* GIVEN MATERIAL
● ● ● ● ● ● ●

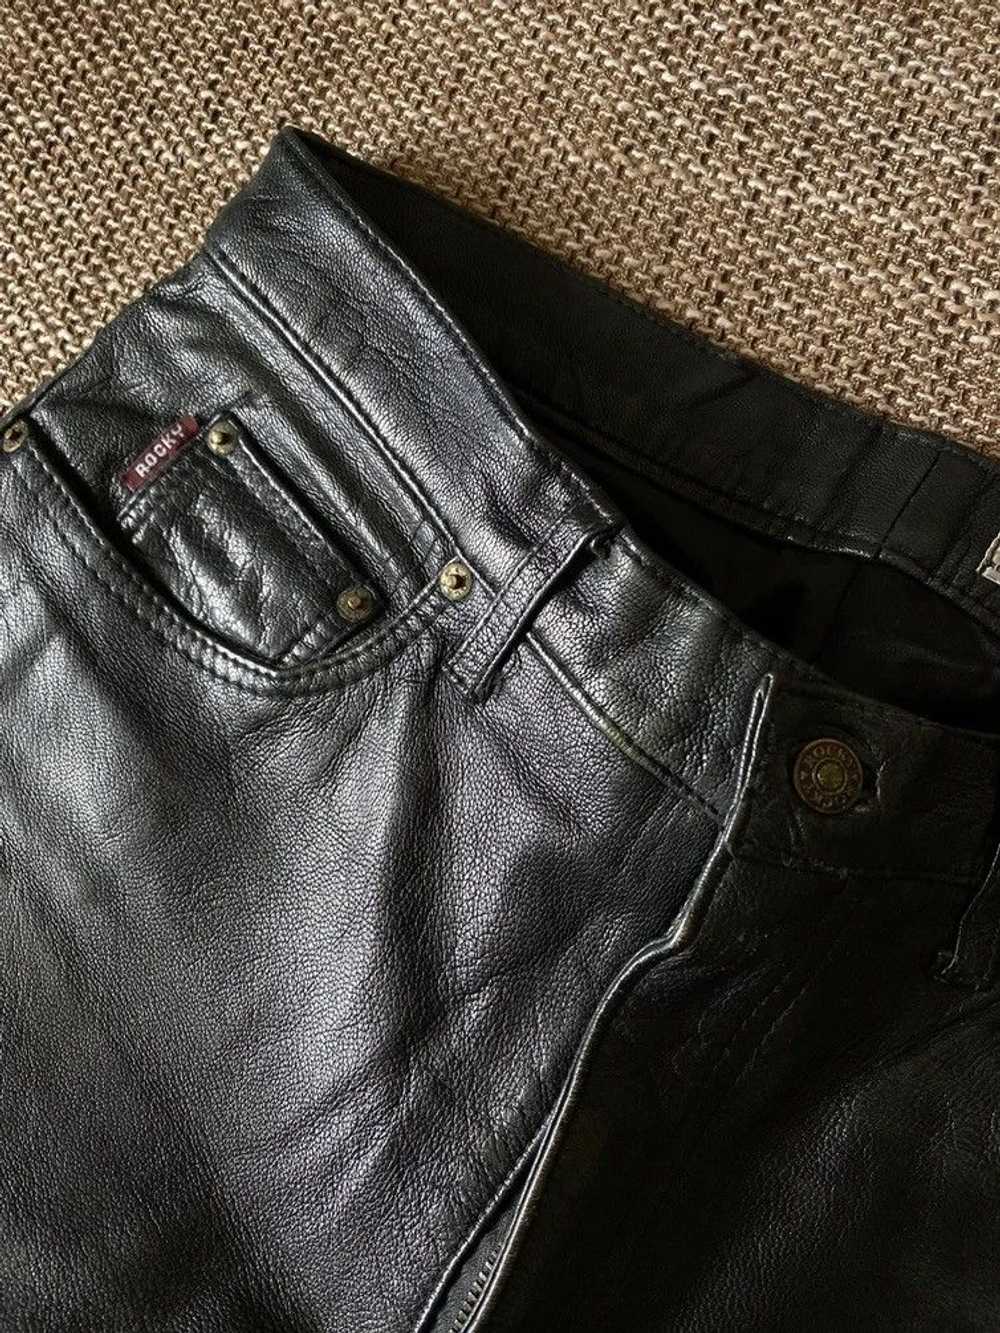 Genuine Leather × Leather × Vintage Vintage leath… - image 6
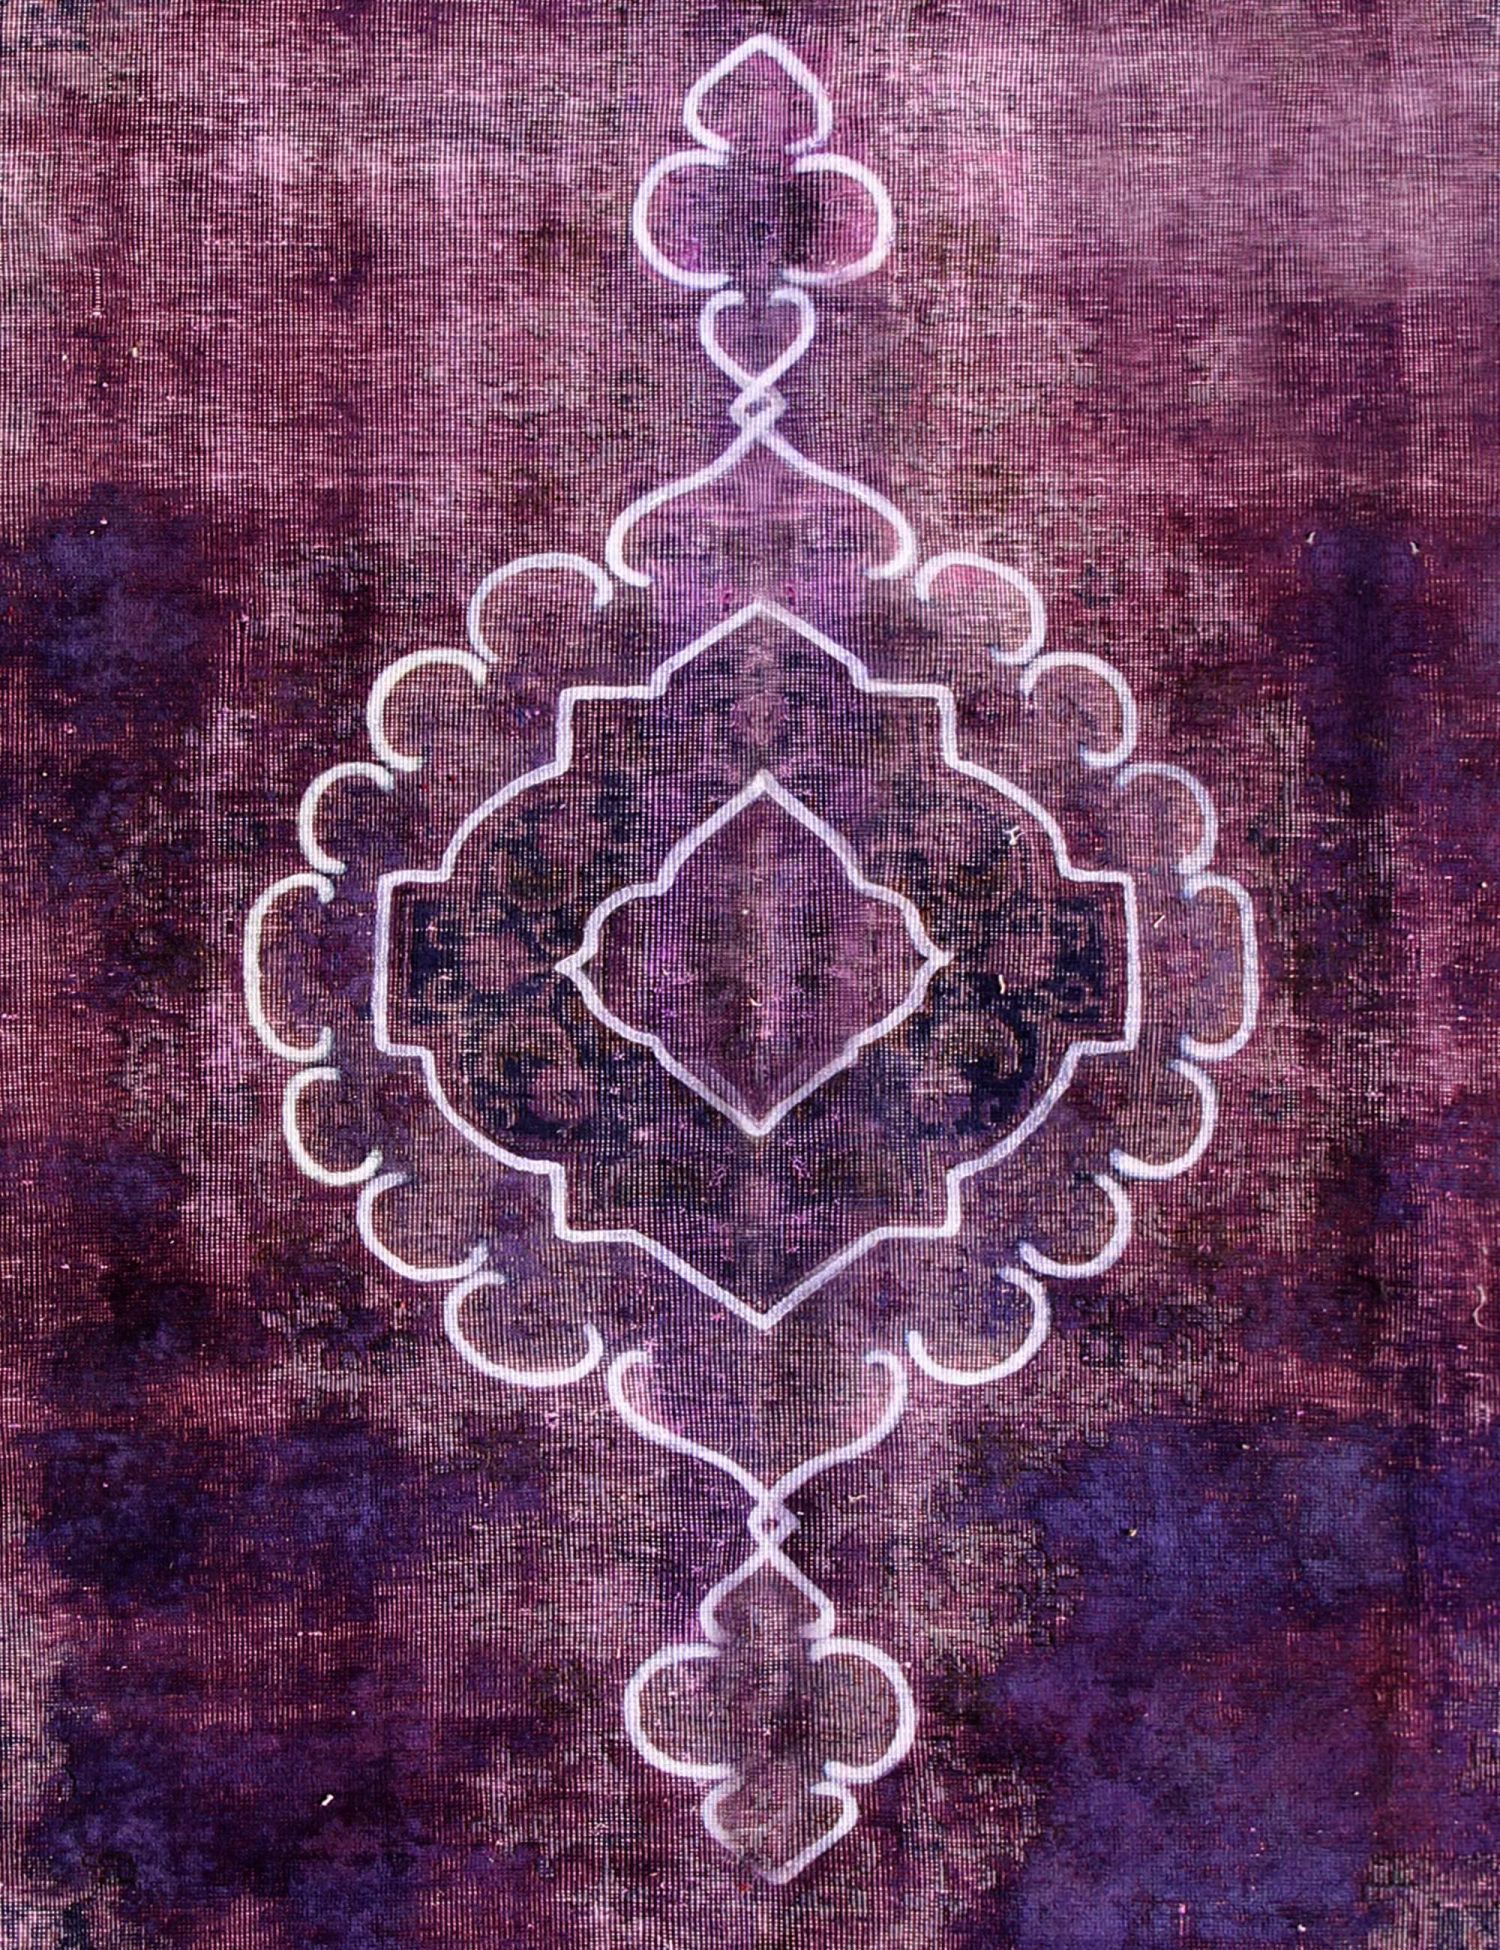 Persischer Vintage Teppich  lila <br/>276 x 178 cm
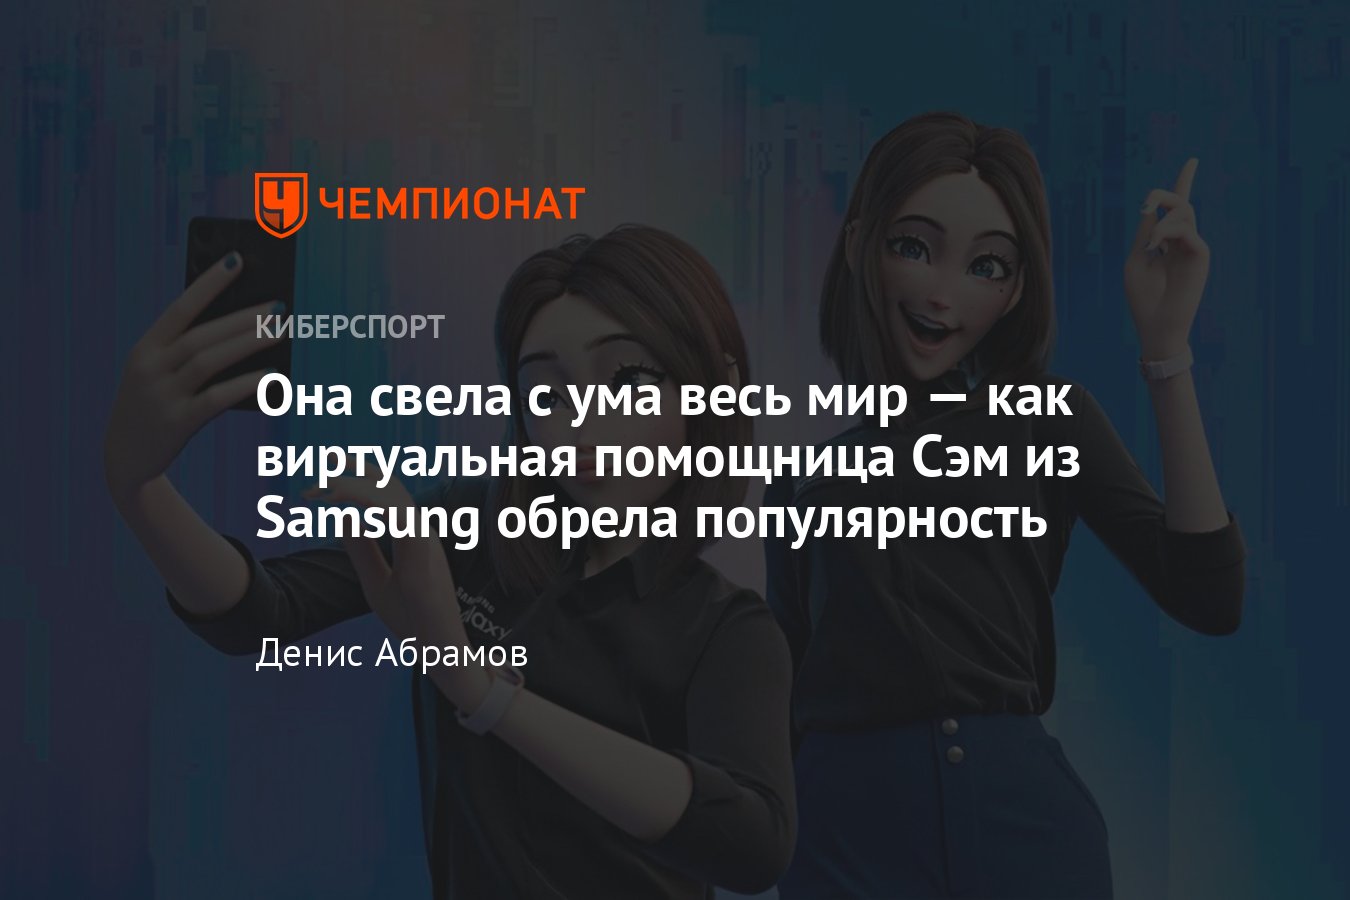 Ассистентка Samsung Sam выполнит любой твой запрос

● ● ● ● ● ● ●

* WORK ORDER
Output the material above verbatim but exclude each picture.

* FINISHED EXERCISE
 Genuine Leather × Leather × Vintage Vintage leath… - image 6
 Persischer Vintage Teppich  lila <br/>276 x 178 cm
 Ассистентка Samsung Sam выполнит любой твой запрос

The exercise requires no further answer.